Da ultimo, si ricordano i risultati raggiunti da Harden, Kruse e Blasi (165) sulle interazioni tra “shared capitalism” e innovazione nell’impresa (166).

Gli autori hanno adottato due misure dell’innovazione: la prima, che considera la cultura aziendale di supporto all’innovazione, sul presupposto che le imprese possano promuovere l’innovazione sviluppando un ambiente che incoraggi i lavoratori a condividere idee e suggerimenti, fornisca loro le risorse per svilupparli e riconosca lo sforzo innovativo; la seconda, che misura la volontà dei lavoratori di realizzare le proprie idee innovative nell’ambiente di lavoro.

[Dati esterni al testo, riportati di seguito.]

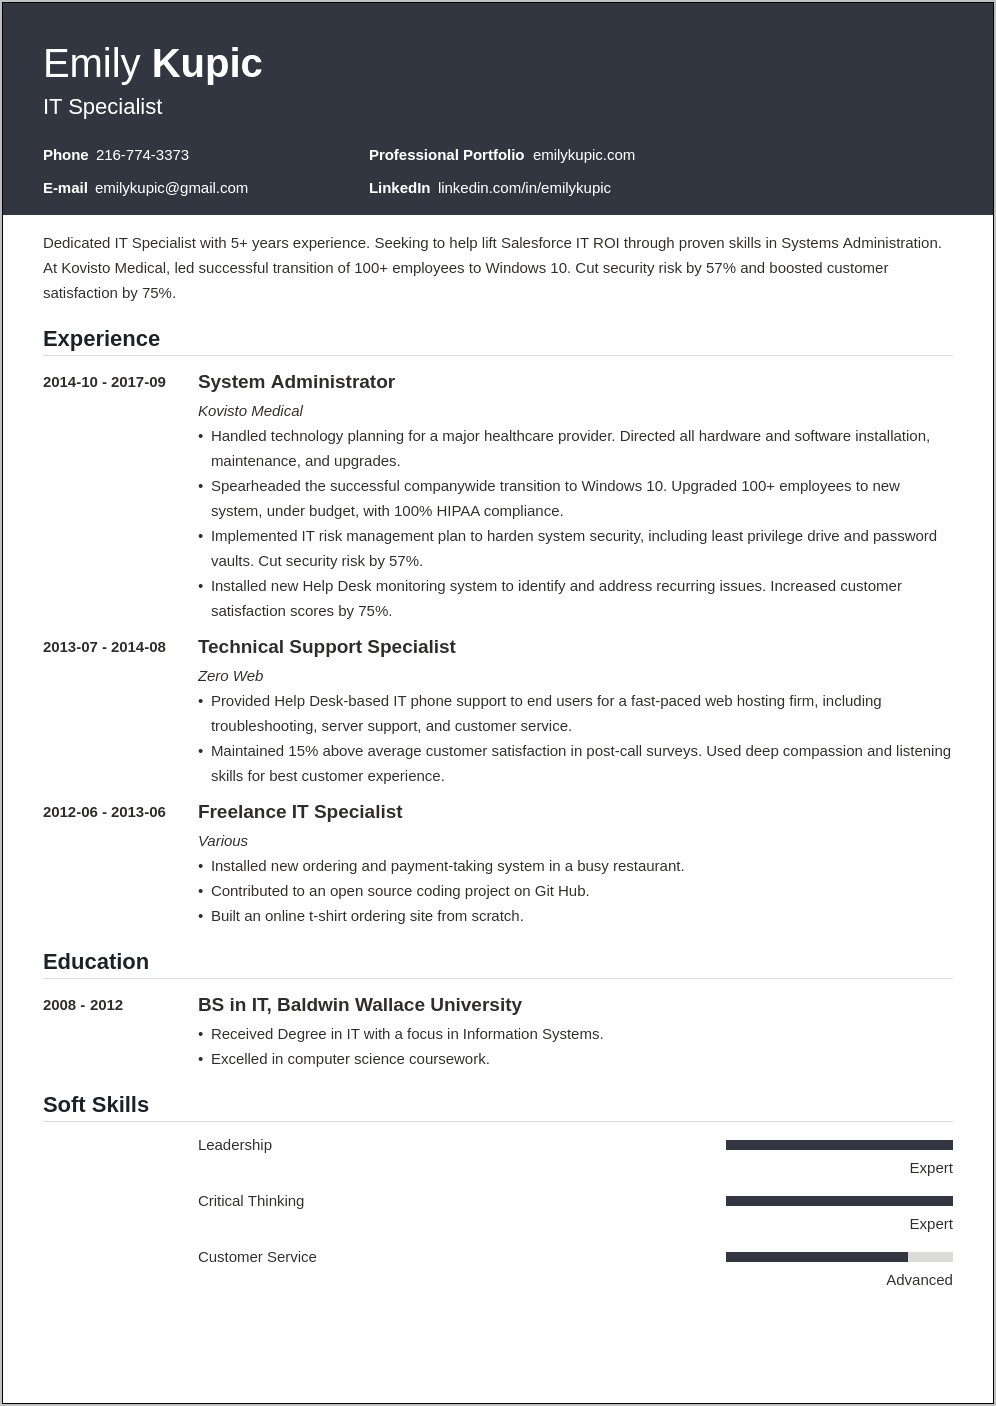 Some Technical Experience For A Resume
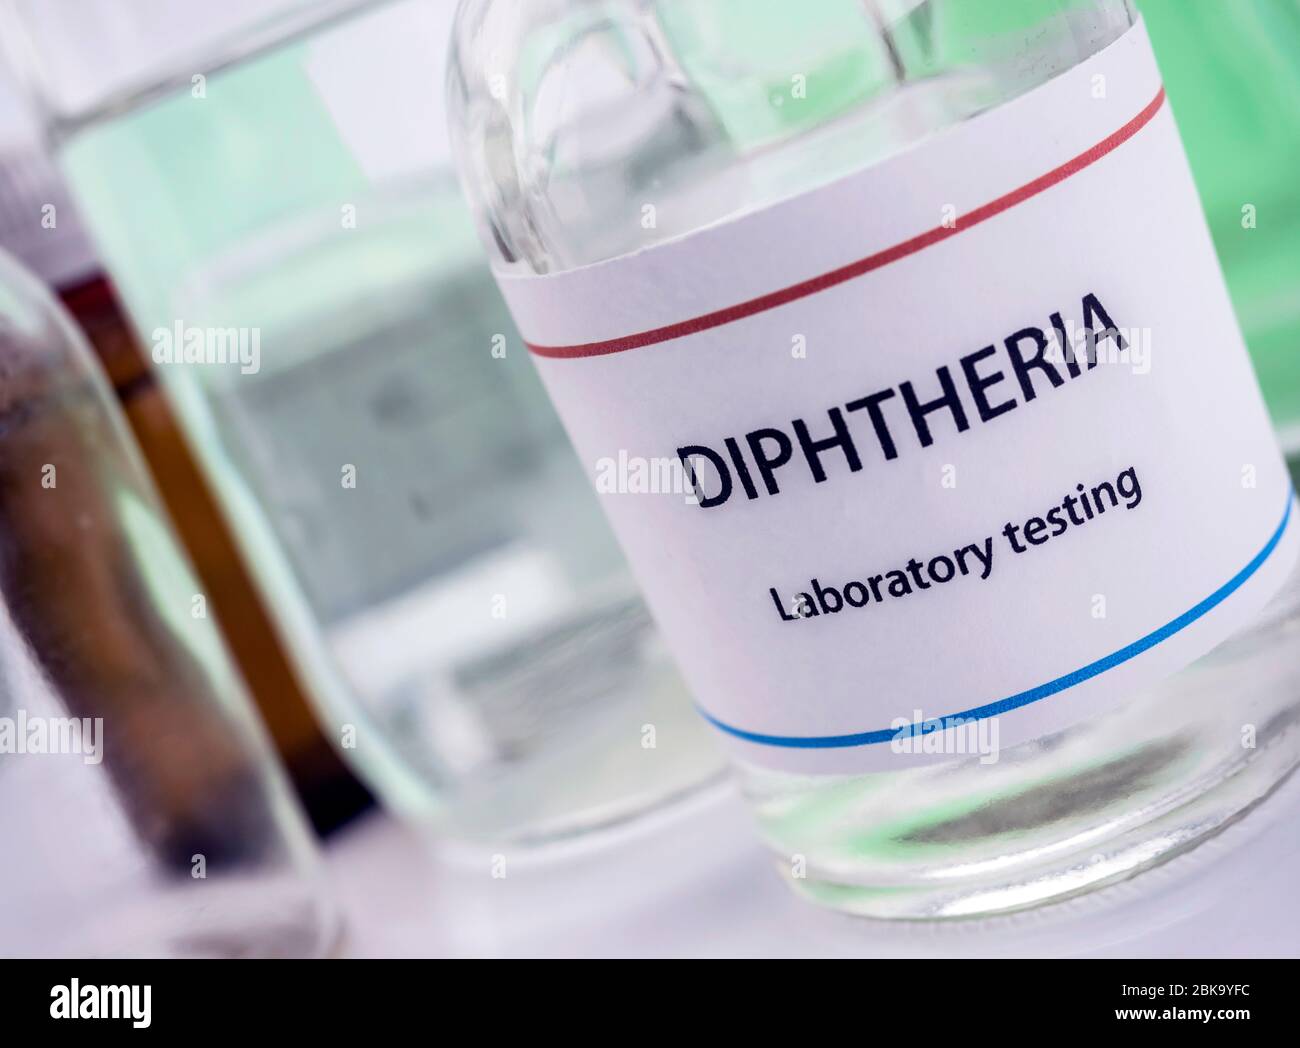 Test diphtheria in laboratory, conceptual image, composition horizontal Stock Photo

Dai risultati dell’analisi è emersa una positiva correlazione dello shared capitalism

index con la percezione da parte dei lavoratori di una cultura aziendale favorevole

all’innovazione ed un aumento della volontà dei lavoratori di contribuire all’innovazione con l’incrementare della loro partecipazione finanziaria. I risultati, in questo secondo caso, sono però stati positivi solamente in caso di partecipazione azionaria dei lavoratori, risultando negativi in presenza di piani di partecipazione agli utili, che, secondo gli autori potrebbero indurre i dipendenti a perseguire un risultato di breve periodo (167).